The High Court has found a party to a settlement agreement reached at mediation liable for misrepresentation and breach of the agreement, where it emerged after the mediation that the party was not in fact the legal owner of a property that the agreement required it to transfer. In doing so, the court considered the extent to which evidence of what occurred at the mediation could be relied on, under one of the limited exceptions allowing evidence of "without prejudice" (WP) settlement negotiations to be admitted for certain narrow purposes: Pentagon Food Group Ltd and others v B Cadman Ltd [2024] EWHC 2513 (Comm).
Notably, the judge's analysis of the relevant WP exceptions includes an opinion – albeit obiter – proposing "modest" expansions to the circumstances in which two key exceptions apply:
- The exception that admits evidence from WP negotiations of facts within the parties' common knowledge where relevant to interpreting contractual words (the Oceanbulk exception) should apply similarly where the facts are relevant to whether a contractual term can be implied.
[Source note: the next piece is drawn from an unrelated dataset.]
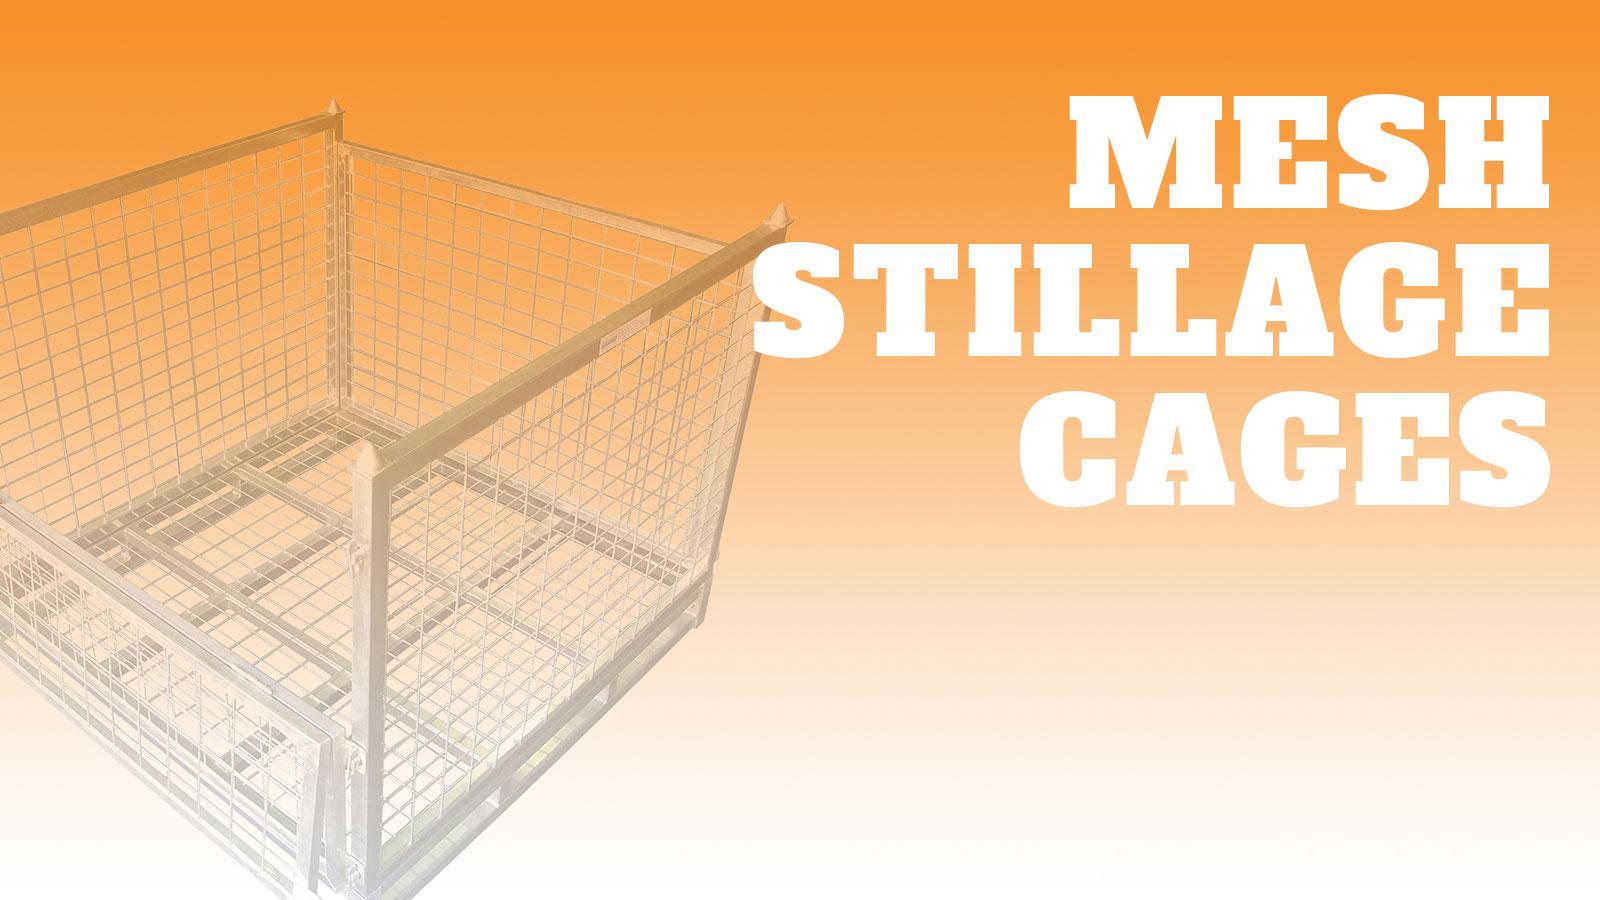 Industrial-Mesh-Stillage-Cages

- The exception that admits evidence to show that an agreement should be set aside for misrepresentation, fraud or undue influence should extend to negligent misrepresentation.
The judgment is also of interest for comments addressing the relevance of the WP negotiations being in the form of a mediation. While the judge acknowledged the "undoubted enhanced importance of mediation" in recent years, he was not convinced that this justified an enhanced form of "mediation privilege" beyond traditional WP, with narrower exceptions.